** Data extracts **
• • • • •

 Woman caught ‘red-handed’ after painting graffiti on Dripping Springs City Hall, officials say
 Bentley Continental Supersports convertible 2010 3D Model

• • • • •

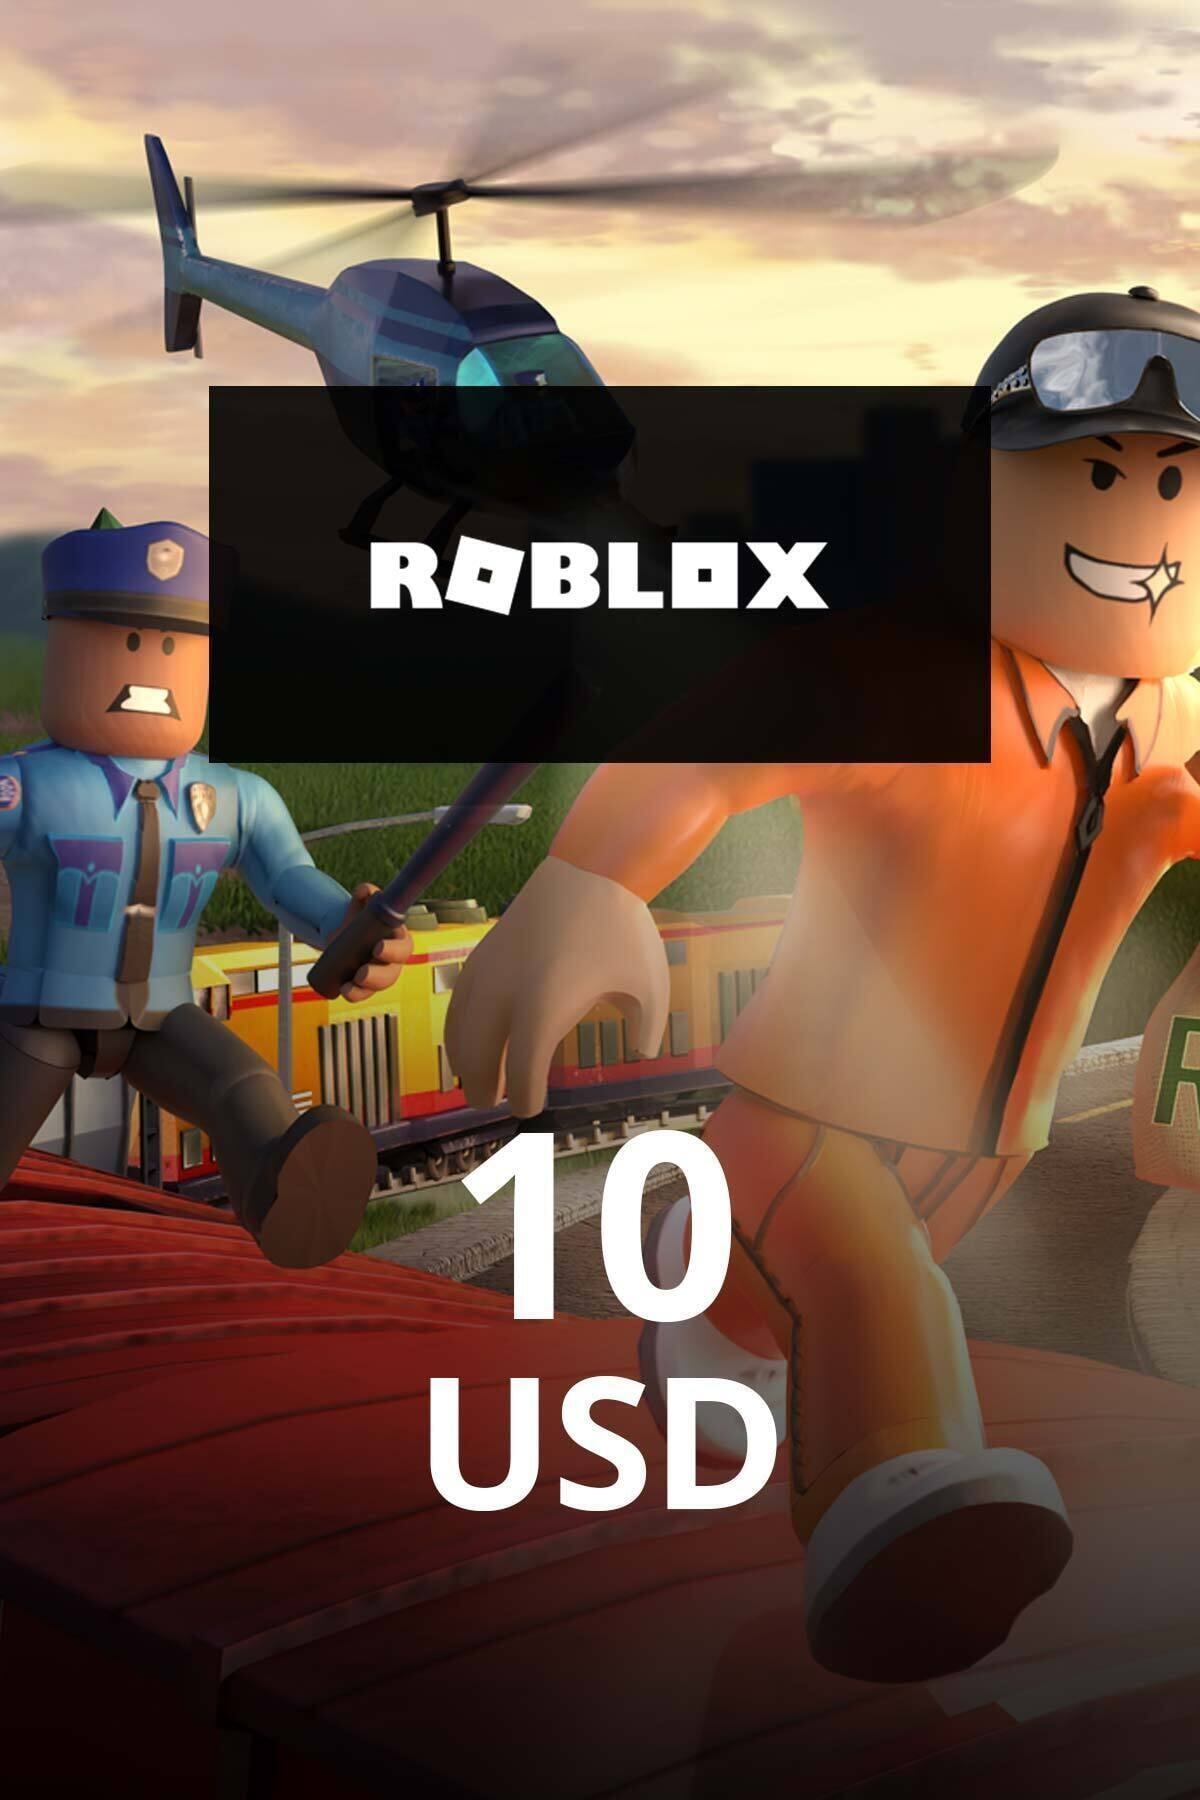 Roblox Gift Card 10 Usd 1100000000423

• • • • •

** What you should do **
All lines in the listing above between the line with "Woman caught ‘red-handed’" and the line with "Bentley Continental Supersports", inclusive, should be set down exactly, and no line outside that range.

** Response to this exercise **
 Woman caught ‘red-handed’ after painting graffiti on Dripping Springs City Hall, officials say
 Bentley Continental Supersports convertible 2010 3D Model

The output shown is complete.